In this case study, I use POQ to calculate Optimal Quantities to Order because some the parts are made by company's plastic-molding machines in an assembly operations and units can be assumed that are received incrementally during production. We also have the following assumptions:
- Only one item is involved because each type of toy has its own assembly line, only one toy can be assembled at a time on this line.
- Annual Demand is known
- Usage rate is constant
- Usage occurs continually but production occurs periodically
- The production rate is constant ( i.e. production rate of Toy Auto is 3500,
Toy Truck, 1750; Toy Robot, 2333)
- There are no quantity discounts
Thus, we have to find out the Set up cost, Holding cost, Demand per year, Demand per week and production rate.
Therefore, we have
Ø Set up Cost:
According to the case study, we have the shop labor rate is the sum of $6 per hour for wages, 33% fringe benefits and $6 per hour charged for overhead. Moreover, line 1 has 10 workers who engage in assembly. Thus, the setup cost is:
S = 1 hour * 10 workers * ( $6 wages + 0.33*6 benefits+ $6 overhead )= $140
Ø Holding Cost:
There is some ambiguity here. The subcomponent costs in Exhibit 4 do not always add up to the Cost Each (e.g. the cost for Auto is $3.9) which is level 0 item cost. So I assumed that Line 1 labor costs (at a fully burdened $6 + 0.33*6 + $6 = $ 14 per hour) were not included.

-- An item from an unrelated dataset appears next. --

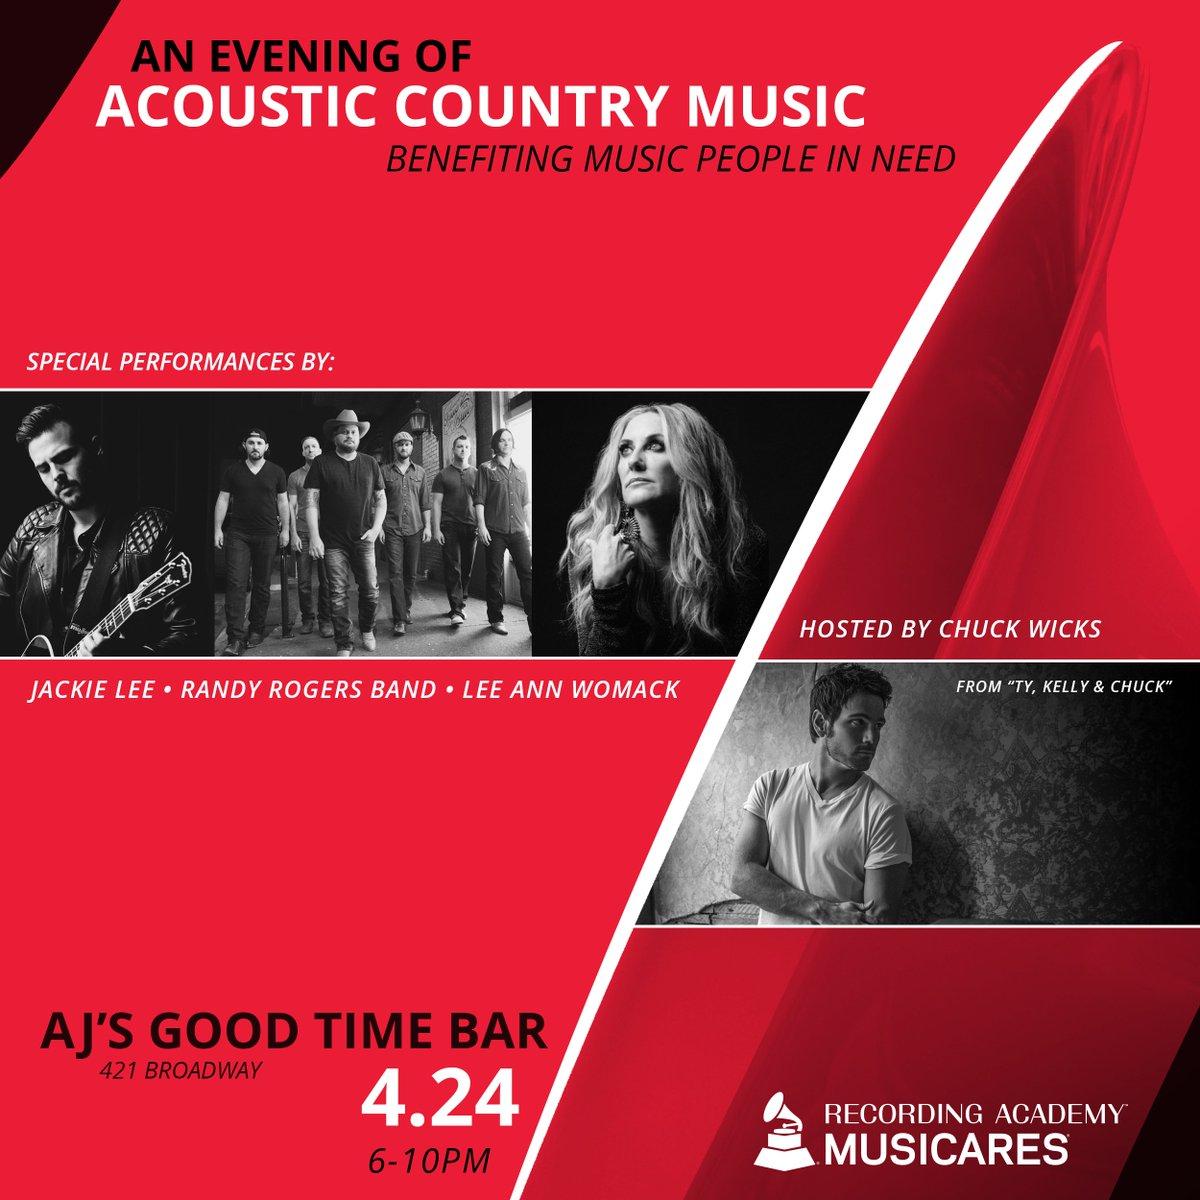 ASCAP on Twitter: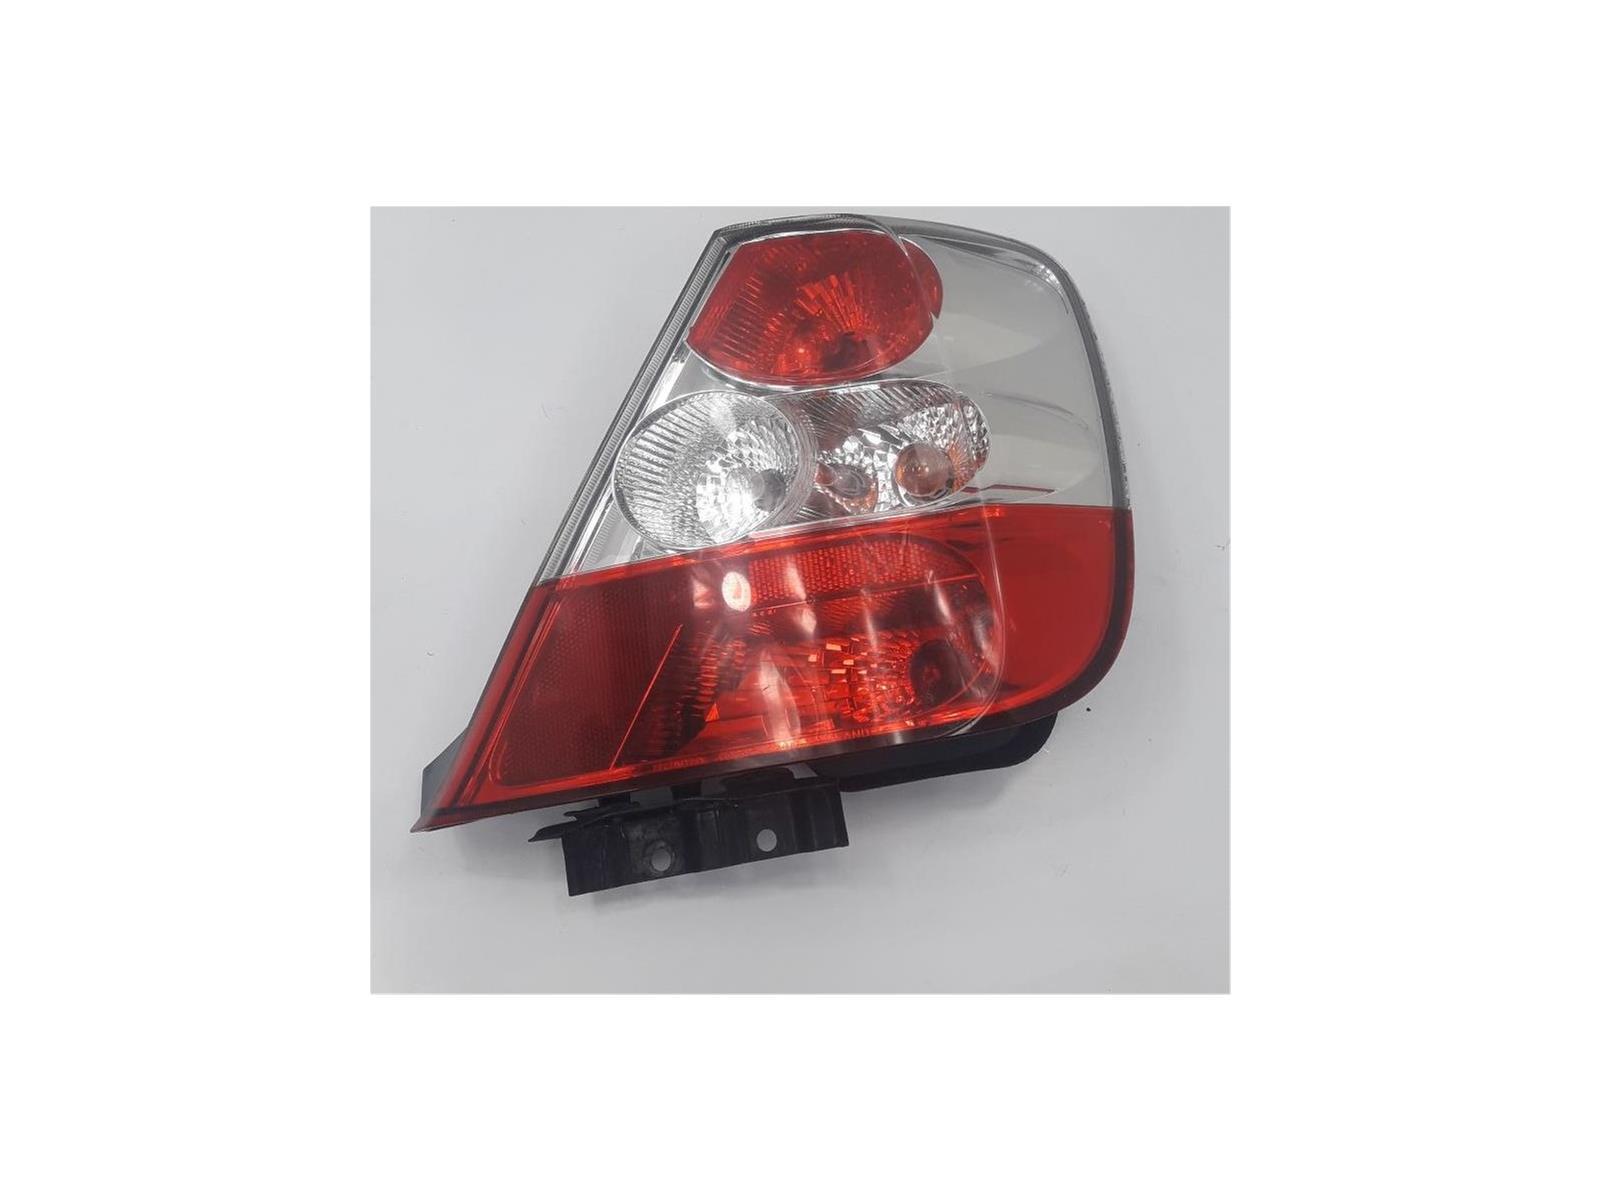 Synetiq Honda Mk7 Ep23 2000 To 2005 Se Ivtec Lamp Assembly Rear Rh Petrol Manual For Sale

Hence, Item Cost per unit is the sum o f Cost Each Item and the labor cost per item. You can see the results of Item Cost in Excel worksheet. (The labor cost per item here is equal to labor cost per hour times the hour to make one toy.
It takes 0.1 hour to make one Auto and the labor cost per hour is $14. Therefore, the labor cost per item is: C = 0.1 * 14 = $1.4 )
As a result, we can have the Holding Cost which i s 25% per year:
H = 0.25 * Item Cost per unit